Portopalo si sta giocando la carta che tutti gli altri enti hanno provato a giocarsi quella di un riequilibrio a cui lo Stato non ha mai dato risposte, ammesso che le procedure nei vari enti siano state fatte rispettando dettagliatamente i dettami normativi. Una strada che potrebbe portare, così come negli altri comuni della provincia, al dissesto.

Rendiconti poco convincenti 

Secondo la ricostruzione fatta dall’amministrazione e dall’ufficio ragioneria, il disavanzo sarebbe stato causato da errori nei rendiconti di gestione 2016 e 2017 “che non sono mai stati bilanciati a 0 – ha spiegato il primo cittadino – ma con un disavanzo di svariati milioni di euro”. Le cause sono sempre le stesse: scarsa capacità di riscossione e spese considerate non proprio fondamentali per la sopravvivenza dell’ente. “Il Comune – ha continuato Montoneri – oggi non ha neanche la forza economica di sistemare i mezzi utili a smontare il palco, tanto per fare un esempio semplicissimo delle enormi difficoltà giornaliere che riscontriamo nel dare risposte ai cittadini anche per cose che sembrano futili, elementari, normali. Ecco, oggi il nostro Comune non è normale, e se prima lo scrivevamo soltanto perché ci sono oltre 4 milioni di euro di fatture non pagate, oggi ci sono carte, numeri che attestano che abbiamo ereditato un disastro”. 

La delibera dello squilibrio 

A conti fatti, quello che emerge dalle denunce dell’amministrazione Montoneri è che il “danno” sia stato fatto dalla precedente amministrazione guidata dall’ex sindaco Giuseppe Mirarchi. Ma questo sarà accertato dagli organi competenti. Anche se il rendiconto di gestione in cui emerge il buco di 2,6 milioni è stato approvato lo scorso settembre proprio dal Consiglio comunale in carica “perché al momento del voto in aula – spiegano dall’amministrazione – agli uffici comunali non erano pervenute tutte le documentazioni che facevano emergere il disavanzo”. Così la giunta ha deliberato in fretta e furia, giovedì scorso, un atto di squilibrio di bilancio che ha l’obiettivo di puntare al Piano di riequilibrio. Ma la parola spetterà ai consiglieri comunali. 

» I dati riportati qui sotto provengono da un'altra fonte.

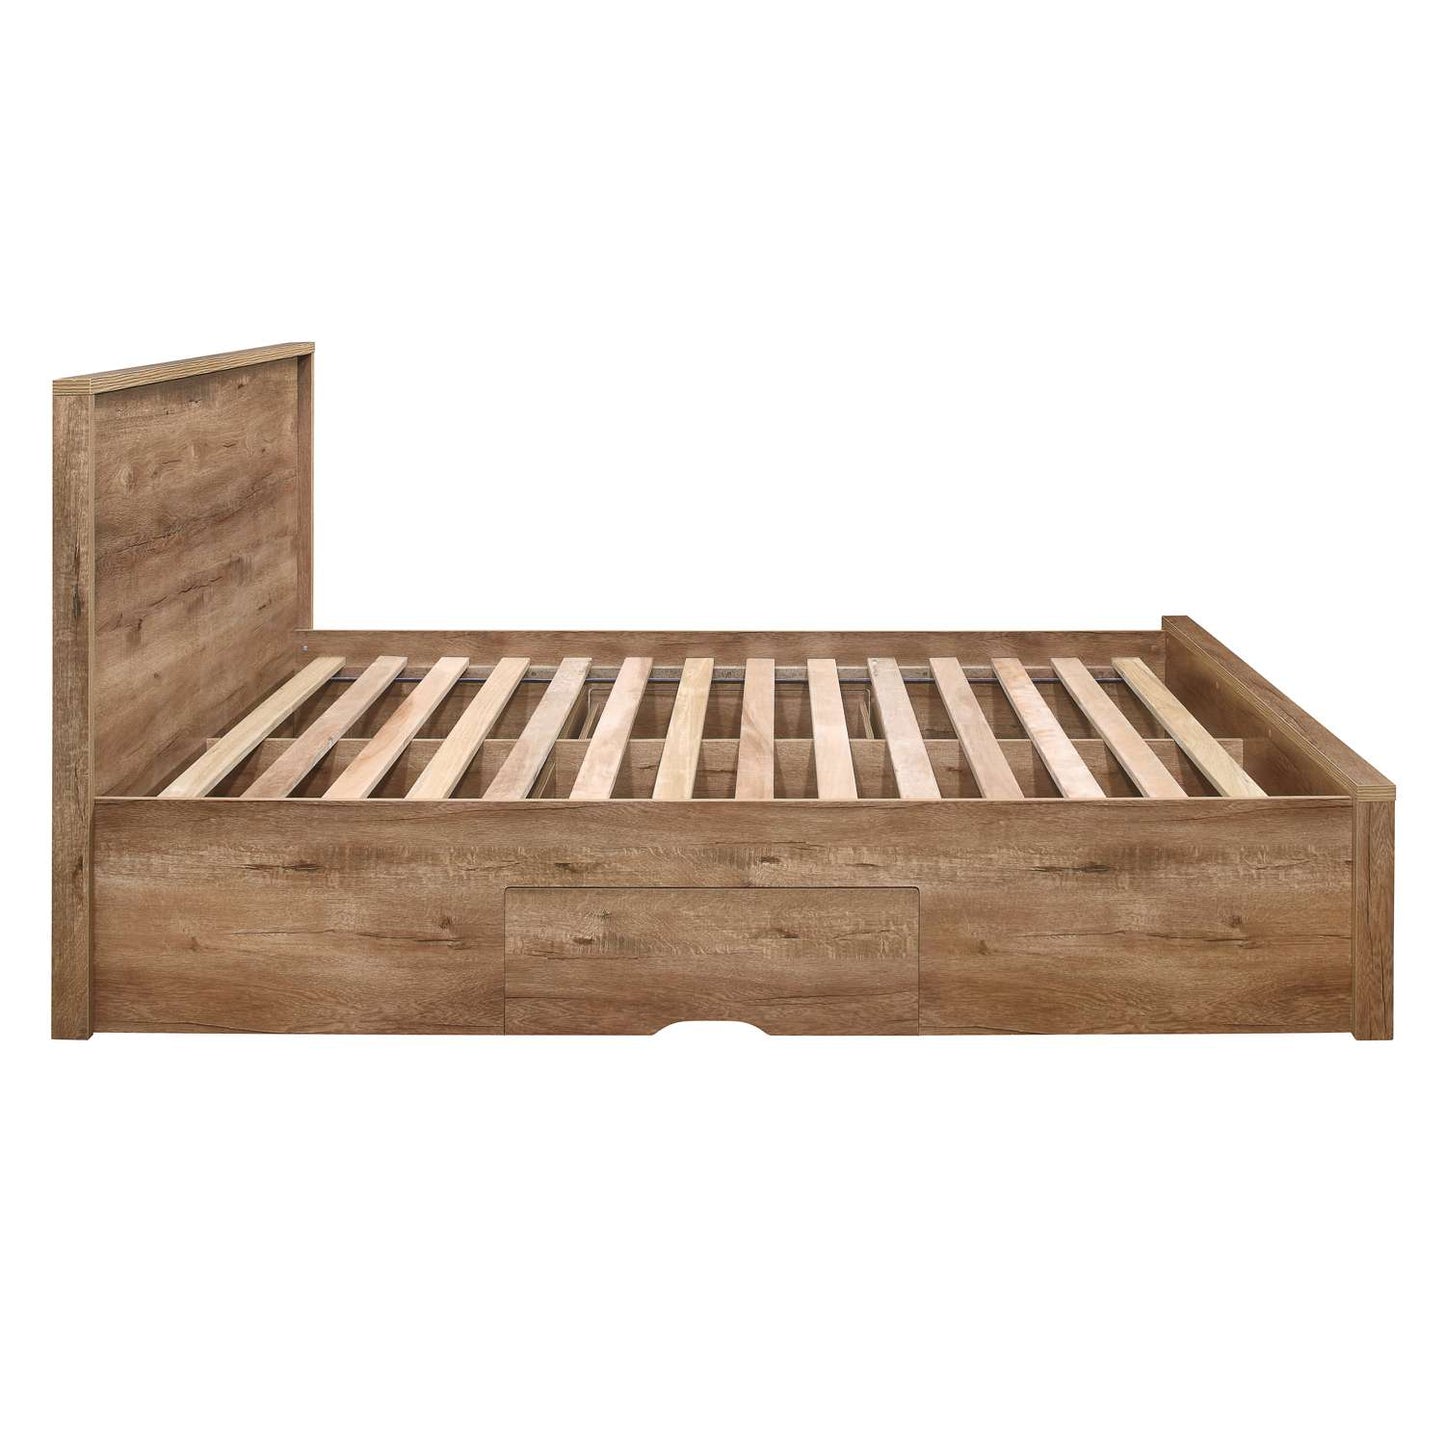 Stockwell 2 Draw Rustic Oak Bed Frame

Carte alla Corte dei conti

La scelta dell’amministrazione è stata quella di inviare tutto l’incartamento alla Procura regionale della Corte dei conti “per accertare – sottolinea il sindaco Montoneri – eventuali responsabilità. Era importane mettere un punto e voltare pagina, e noi lo stiamo facendo: abbiamo attuato e continueremo ad attuare delle azioni correttive forti ed incisive, forse “poco politiche”, ma necessarie per riportare il Comune ad essere normale, per azzerare l’enorme danno ereditato”. 

Mirarchi non ci sta 

Respingo le accuse con fondatezza e decisione: vogliono far crede che la colpa è stata della mia gestione, ma sanno bene che è una situazione che si trascina da decenni. Lo dimostrerò”. L’ex sindaco Giuseppe Mirarchi, attualmente tra i banchi dell’opposizione, è pronto a documentare, carte alla mano, quanto sostiene. “Montoneri la smetta di cerare fantasmi – ha detto Mirarchi – e cominci ad occuparsi dei problemi e a gestirli”. Mirarchi parla di avere già ereditato una situazione critica al suo insediamento da sindaco nel 2014. “Già nel 2013 – ha spiegato l’ex sindaco – la corte dei conti aveva rilevato elementi di criticità molto serie, dovute a eccesso di valutazione delle entrate e, inoltre, c’erano già consistenti disavanzi che dimostrerò nelle sedi opportune. L’attuale sindaco insiste a restare in sella ma la sua è un’amministrazione già finita prima di cominciare. La popolazione è delusa e non lo vuole più, è rimasto con due consiglieri e in certi casi ci vuole dignità: si prepari la valigia e restituiamo la parola agli elettori”.